The Official Opposition New Democrats said that while the report reflects Liberal mismanagement, it should send a warning to the Tories.
"The things that the auditor flags ... are things that are already hallmarks of the Ford Conservatives," NDP Leader Andrea Horwath said. "This means that where the Liberals let you down, the Ford Conservatives are making things worse."
Interim Liberal Leader John Fraser said his party accepts the auditor's findings, noting Lysyk's reviews are "an important, critical part of our government, our democracy."
Fraser then suggested Ford's government is moving to reduce the level of government oversight by reducing the number of independent officers.
Green Party Leader Mike Schreiner also questioned the Ford government's recent decision to cut positions like the child youth advocate and the environmental commissioner; the PCs say they are folding these positions into larger offices, like those of the ombudsman and auditor general.
"I believe that the auditor general's report highlights the need for more government oversight and not less government oversight," Schreiner said.
He was also quick to pounce on the transit governance concerns raised on Wednesday.
"We need to end the political interference in transit planning, in particular."
Safety agency, Waterfront Toronto criticized
Other findings of the auditor general's report include:
- The Technical Standards and Safety Authority (TSSA), which is tasked with enforcing the safe maintenance and handling of everything from fuels and boilers to elevators and ski lifts, "is not operating in accordance with its mandate and is ineffective in protecting the public in nearly all of the areas for which it is responsible."
- Waterfront Toronto, created in 2002 to oversee the development of the city's waterfront, has only directly developed some five per cent of publicly owned waterfront land deemed "developable," and has provided help to other agencies to develop another 151 acres (14 per cent).
- The Ontario Student Assistance Program (OSAP) has seen an increase in those receiving grants and aid of about 25 per cent, but post-secondary enrolment has only grown by about two per cent.
- Ontario Works, which provided financial help to about 250,000 unemployed or underemployed Ontarians in 2017/18, helped only 10-13 per cent of clients find work in each of the last five years. The average length of time that clients received benefits rose from 19 months in 2008/09 to nearly three years in 2017/18.
- Ontario's Assisted Devices Program, which supplies things like mobility equipment and hearing aids to about 400,000 people, spent $514 million in 2017/18. While the program has made improvements to service delivery since its last audit in 2009, "efforts to improve oversight by identifying ineligible claims remain inadequate," as do efforts to ensure vendors are being paid reasonable prices for devices.
Lysyk's office also looked at the refurbishment of the Darlington Nuclear Generating Station, and found that Ontario Power Generation (OPG) "has put a clear accountability structure in place" to monitor the work and ensure it comes in on time and on budget.
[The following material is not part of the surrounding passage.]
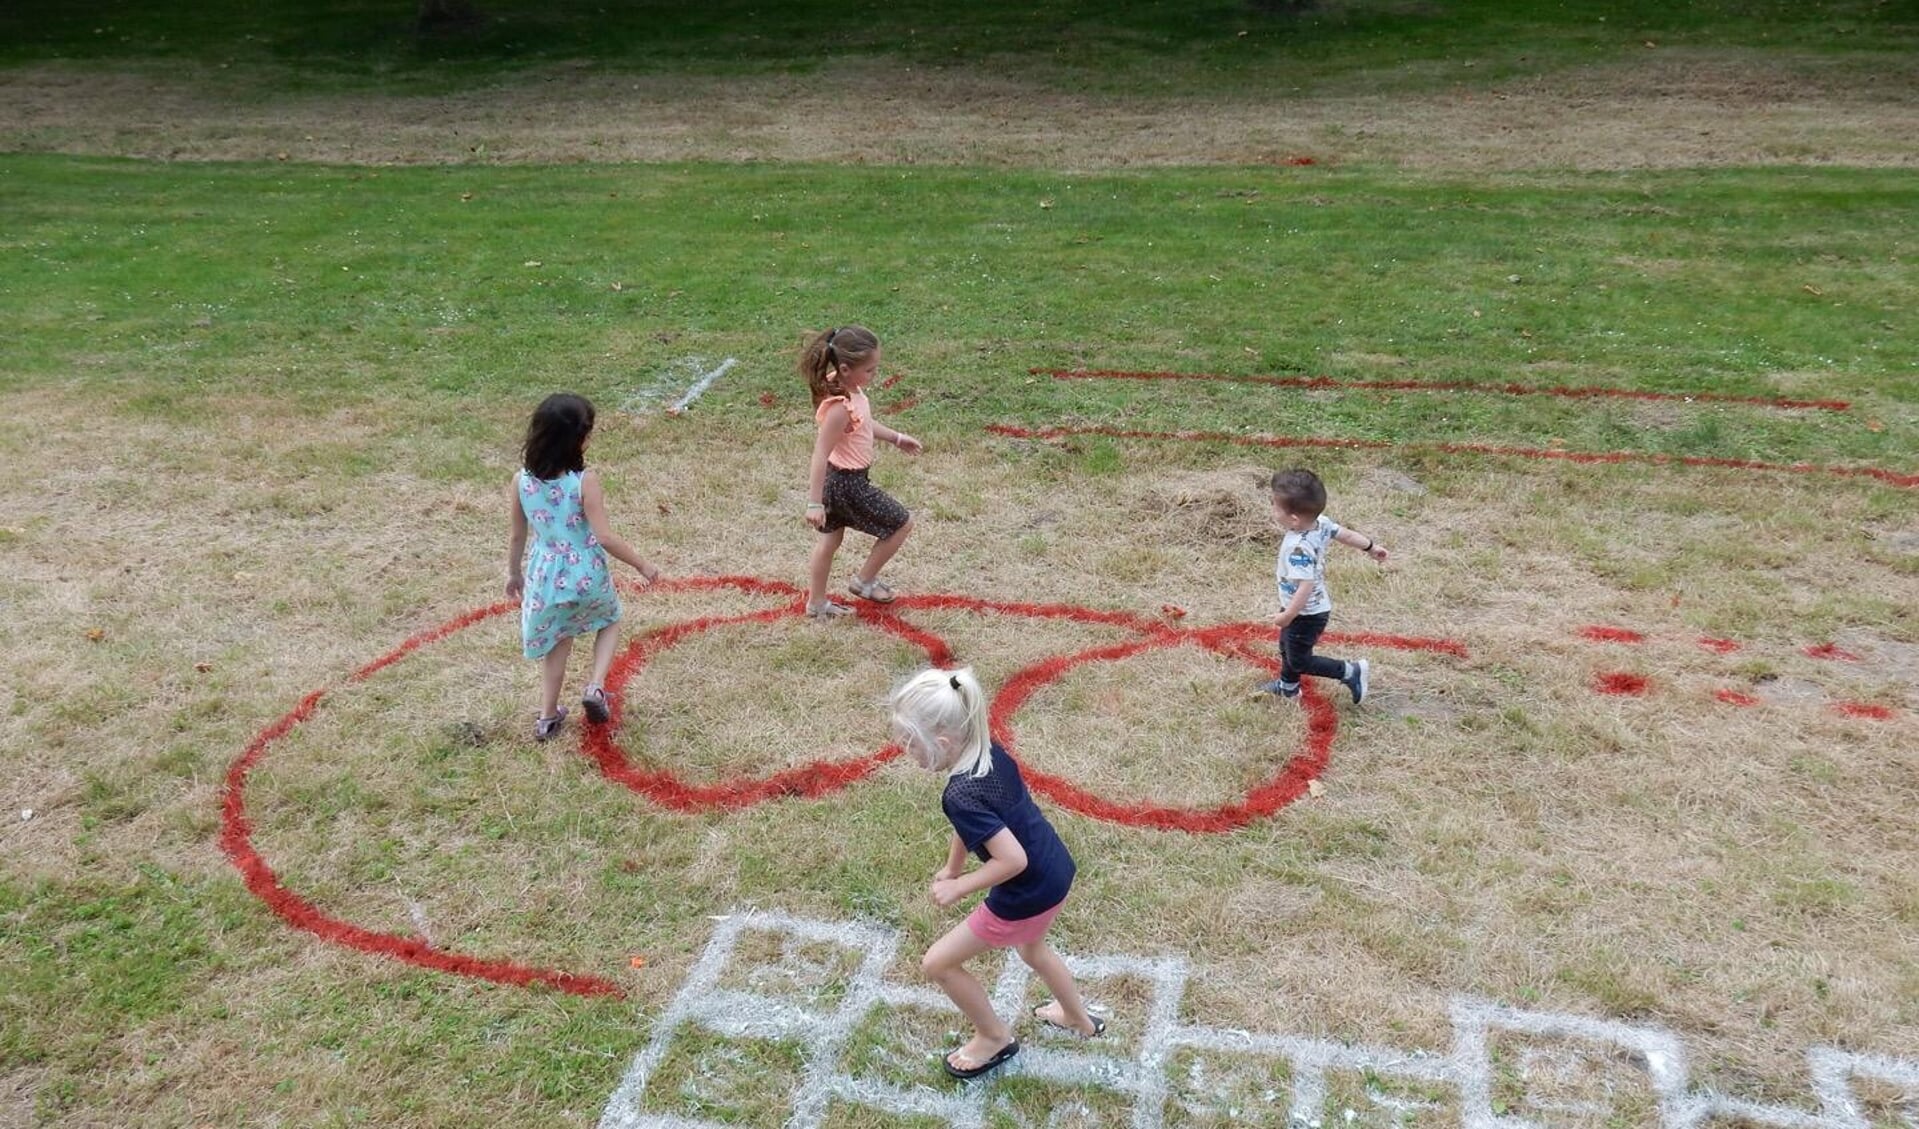 De kinderen vroegen een hinkelbaan en een speelparcours op het gras.

However, the project faces "significant risks," including a potential shortage of skilled tradespeople, that could affect both, she said.
Darlington, one of two nuclear stations operated by the province, opened in 1990 with four reactor units that are nearing the end of their working life. The facility provides Ontario with about 15 per cent of its electricity. The refurbishment project is estimated to be completed by 2026 and carries a price tag of $12.8 billion. The work will extend the life of the units to about 2055.
Issues that could lead to delays and cost overruns include stiff competition for skilled tradespeople during years when the refurbishment work will overlap with similar work at the Bruce Nuclear Generating Station, Lysyk said. There are also concerns that the OPG has had to provide more assistance to contractors that initially planned, and those costs have yet to be factored into the profit that to be paid to the contractors.